Изменить стиль страницы

— Да! — подхватывает папа. — А к полковнику вышел наш Грубер, весь в орденах…

— А их таки хватало у него, этих орденов! — сказал доктор Финн.

— …и Грубер сказал на своем ломаном русско-чешско-немецком языке: «Гэнэраль Трэпов вам приказаль? А я, гэнэраль Грубер, запрещаль!» Помнишь, Финн?

— Помню. — Совиное лицо доктора Финна так же молодеет, как лицо папы. — У-у-у-шел треповский полковник, как побитая собака! А почему сегодня этого уже нельзя?

— Потому что «тэмпора мутантур» (времена меняются)…

— эт нос мутамур ин иллис…" (и мы меняемся с ними), — машинально досказывает латинское изречение доктор Финн.

— Времена меняются, да. И люди меняются. И студенты сегодня уже другие, и добиваются они другого, — говорит папа.

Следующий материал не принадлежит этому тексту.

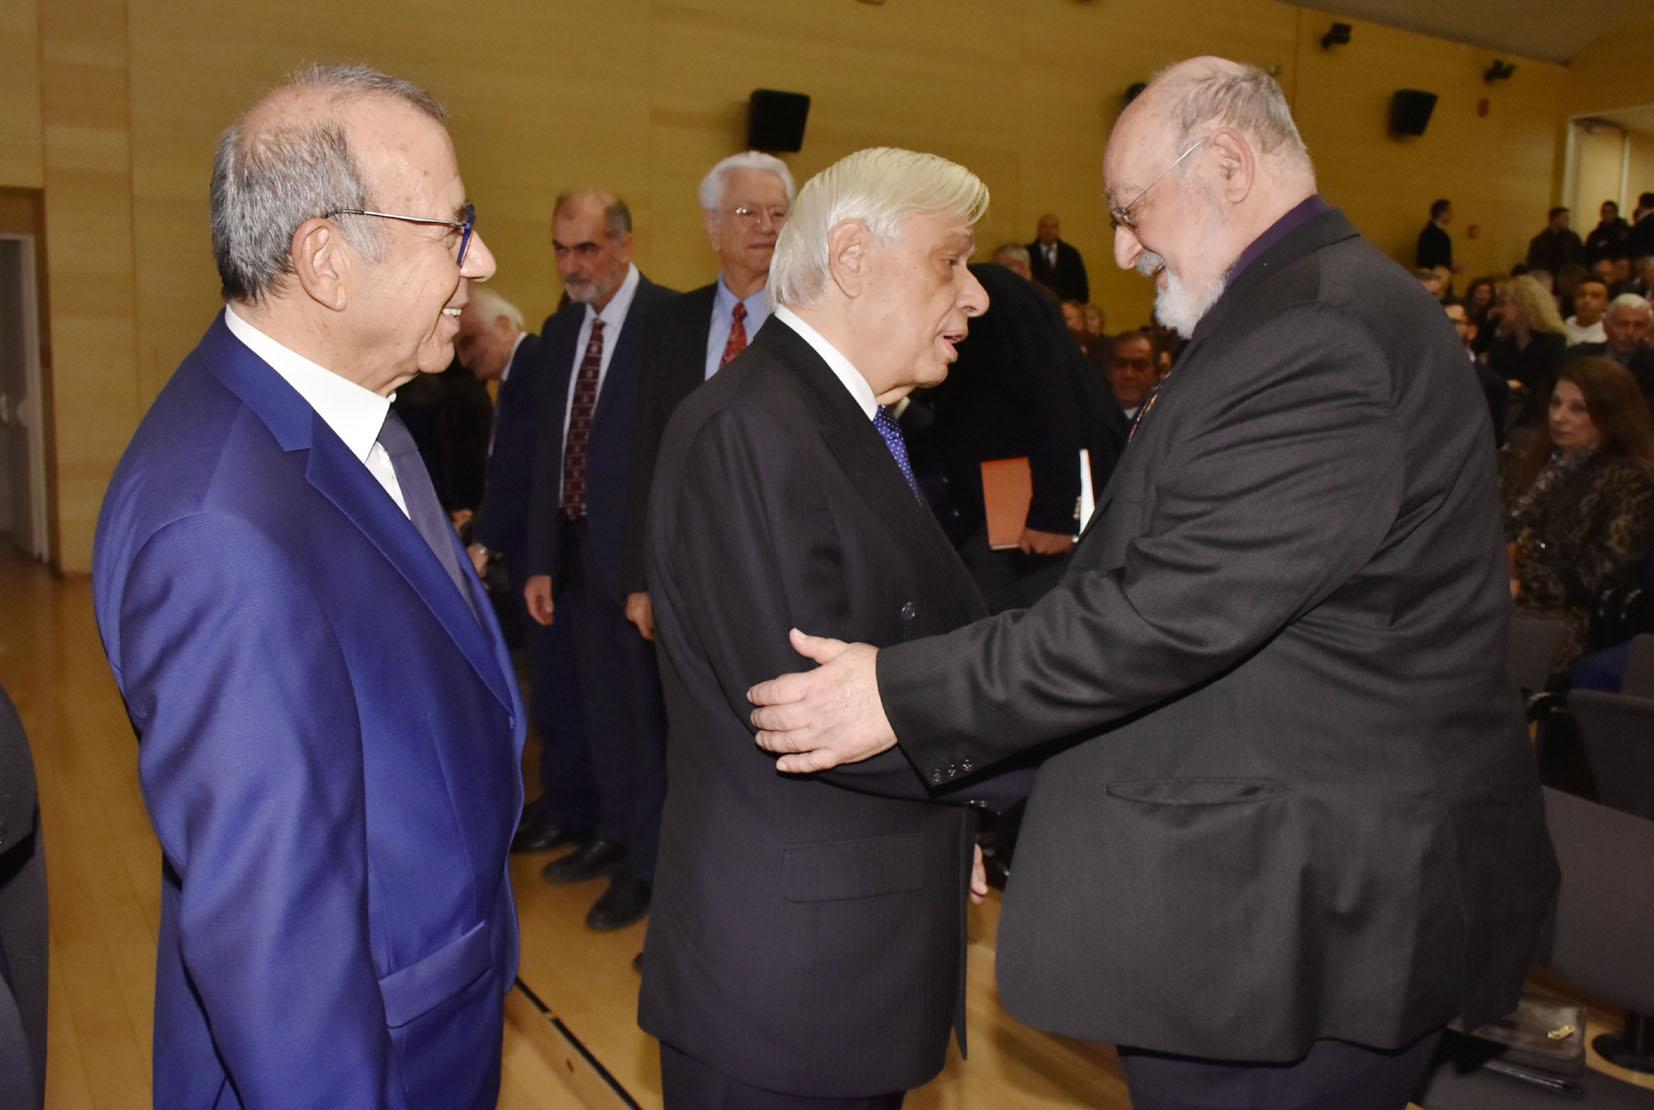 Ο Δντής Εκδοσης του ΕΠΙΛΟΓΟΥ 2019 Τάκης Βλαστός με την ΑΕ ΠτΔ κ. Προκόπιο Παυλόπουλο και τον κ. Κώστα Γεωργουσόπουλο

— Зот, вот, я именно это хотел спросить: чего добиваются студенты? — спрашивает доктор Финн с живейшим интересом.

— Да, вот именно! — поддерживают доктора Финна остальные люди, пришедшие к нам в этот вечер.

— Надо же все-таки знать: чего хотят студенты? — говорит учитель Соболь. — Ведь не из одного же озорства они буянят!

Папа отвечает не сразу. Говорит поначалу медленно и както задумчиво:

— Чего хотят студенты?.. Ну, они ведь молодые! Они впервые вступают в ту жизнь, к которой мы, старики, уже привыкли… Что там «привыкли»! Мы притерпелись к этой жизни, мы принюхались к ней. Мы уже не замечаем, что жизнь у нас затхлая, без притока свежего воздуха, что в ней расплодились клопы и тараканы, что мы живем без радости, без свободы, как рабы! А студенты, молодежь, чувствуют эту гниль, эту вонь, это бесправие и мерзость! И они рвутся в драку, они хотят добиться лучшей жизни…

Внезапно из передней доносится громкий продолжительный звонок. За ним — второй, третий… Настойчивые, нетерпеливые.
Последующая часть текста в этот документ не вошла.